Mit Verfügung vom 22. Mai 2015 sistierte das Obergericht das Rückführungsverfahren mit Blick auf eine fachärztliche Begutachtung des Kindes durch Dr. med. E., … Klinik F. Sodann regelte es mit Verfügung vom 23. Mai 2015 die Unterbringung zwecks Begutachtung sowie die Besuchs- und Kontaktrechte; weiter gab es den Parteien Gelegenheit, Einwände gegen den Gutachter zu erheben und Gutachterfragen zu formulieren. Mit Verfügung vom 29. Mai 2015 bestätigte das Obergericht die vorläufige Sistierung des Rückführungsverfahrens, die angeordnete Begutachtung von C. durch Dr. med. E. sowie die Besuchs- und Kontaktrechte; sodann formulierte es die Gutachterfragen und belehrte den Sachverständigen.

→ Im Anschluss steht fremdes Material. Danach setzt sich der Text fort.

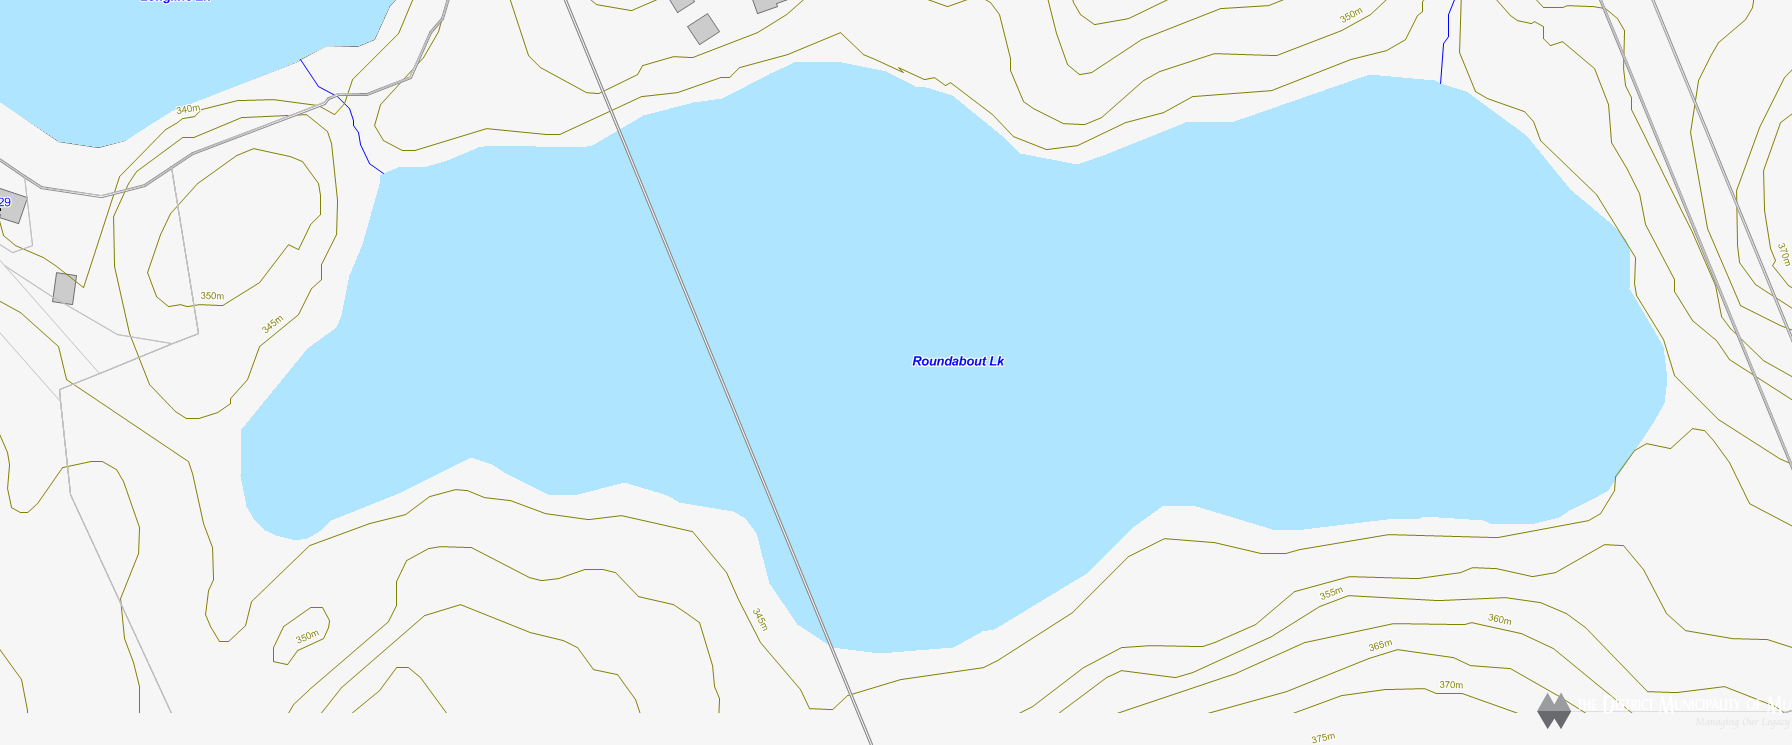 Roundabout Lake Cadastral Map - Roundabout Lake - Muskoka

Am 22. Juni 2015 erstattete Dr. med. E. das Gutachten betreffend die Reisefähigkeit von C. und eine mögliche physische oder psychische Schädigung durch die Rückführung. Den Parteien wurde zum Gutachten das rechtliche Gehör gewährt.

Am 26. und 27. Juni 2015 fand auf Initiative des Bundesamtes für Justiz erneut ein Mediationsversuch statt, welcher indes scheiterte.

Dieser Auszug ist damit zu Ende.